Wednesday, May 30, 2012

Hartog on Davis, "Judges, Masters, Diviners: Slaves’ Experience of Criminal Justice in Colonial Suriname"

Writing for the JOTWELL legal history section, Hendrik Hartog (Princeton University) calls readers' attention (here) to Natalie Zemon Davis, "Judges, Masters, Diviners: Slaves’ Experience of Criminal Justice in Colonial Suriname," Law &History Review (2011). Hartog begins by discussing the author's profound influence on his own career.

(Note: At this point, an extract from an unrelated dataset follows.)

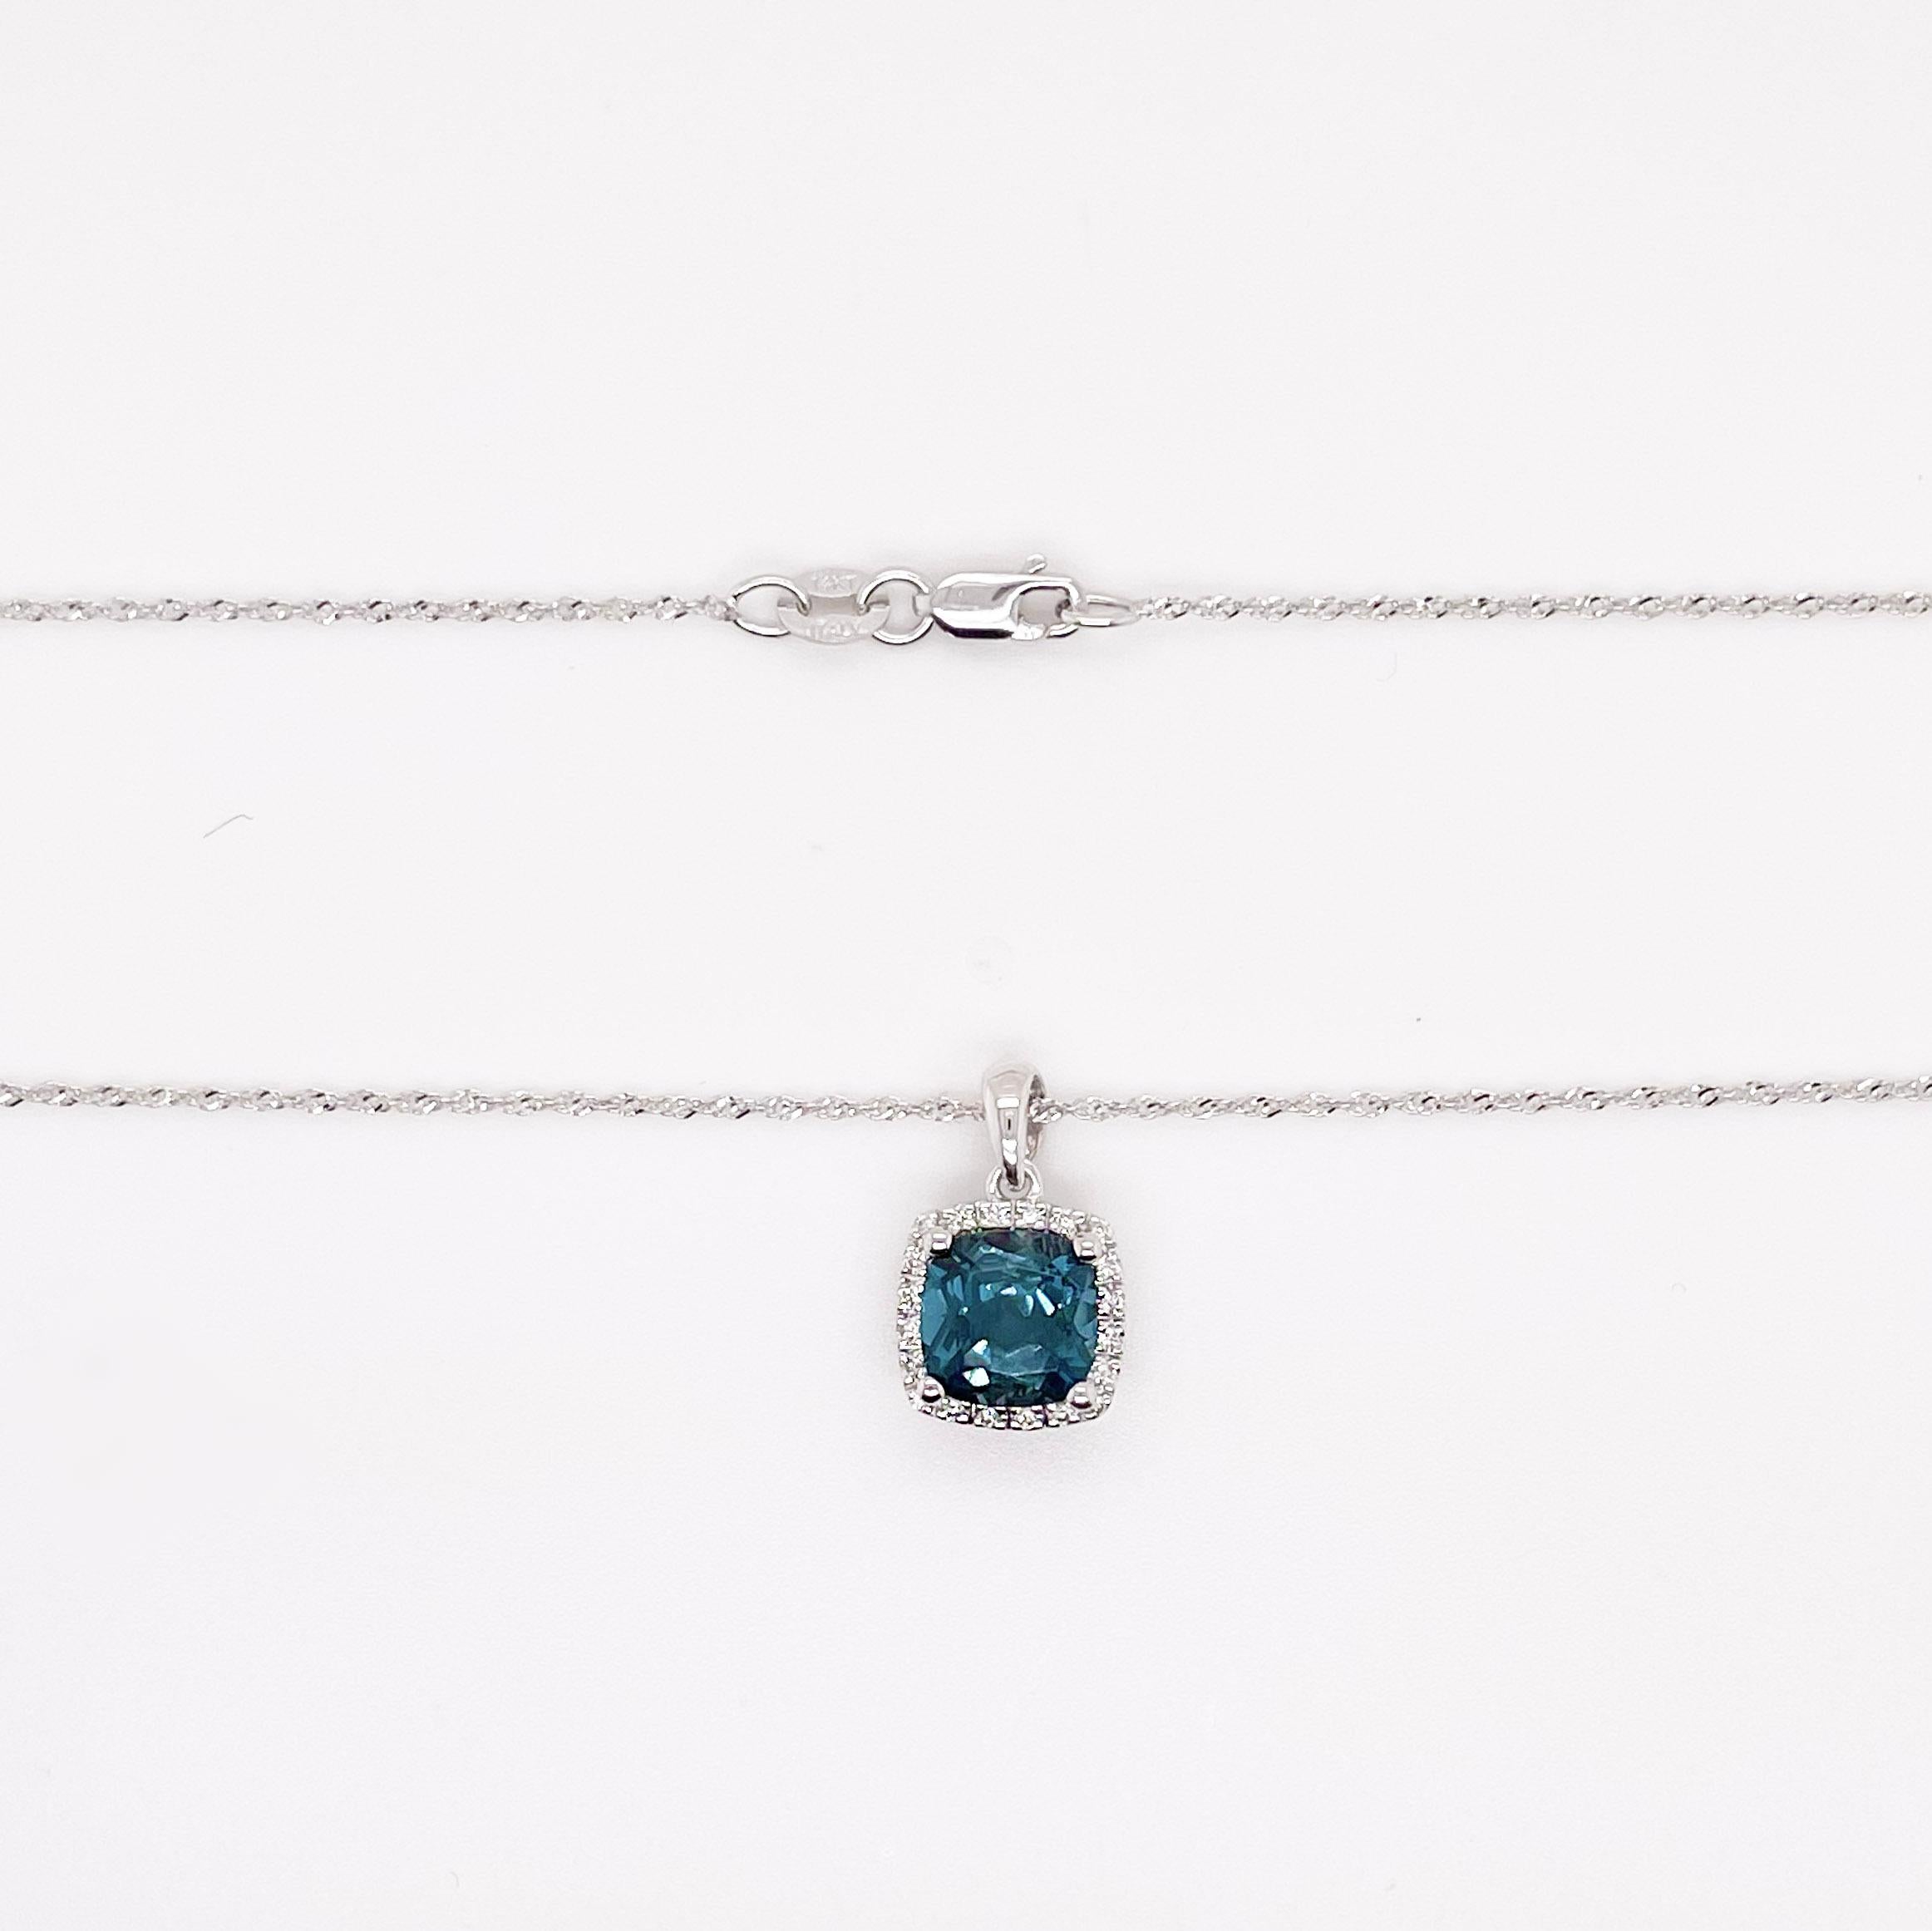 Dieser kissenförmige mitternachtsblaue Topas hat eine unglaublich lebendige Farbe, die durch den Diamantenhalo noch schöner wird. Der Anhänger passt perfekt zu der zarten Baby-Seilkette, an der er hängt. Diese Halskette wäre das perfekte Geschenk

He then discusses the article, which he calls "a triumph of the moral and historical imagination." Here's more:
Now, many years beyond her official “retirement,” Davis publishes “Judges, Masters, Diviners: Slaves’ Experience of Criminal Justice in Colonial Suriname,” as part of her continuing inquiry into slaveholding and the lives of slaves in the Dutch colony of Suriname.  Her larger project of reconstructing life in early modern Suriname has required her to learn new languages and literatures.  It has resulted in provocative and illuminating studies of the ironic situation of Jews who moved to Suriname to found a radically free place for themselves and who then, of course, became slaveholders.  But the Law and History Review article pursues a different question, about the various meanings of what “criminal law” meant in a radically violent slave society.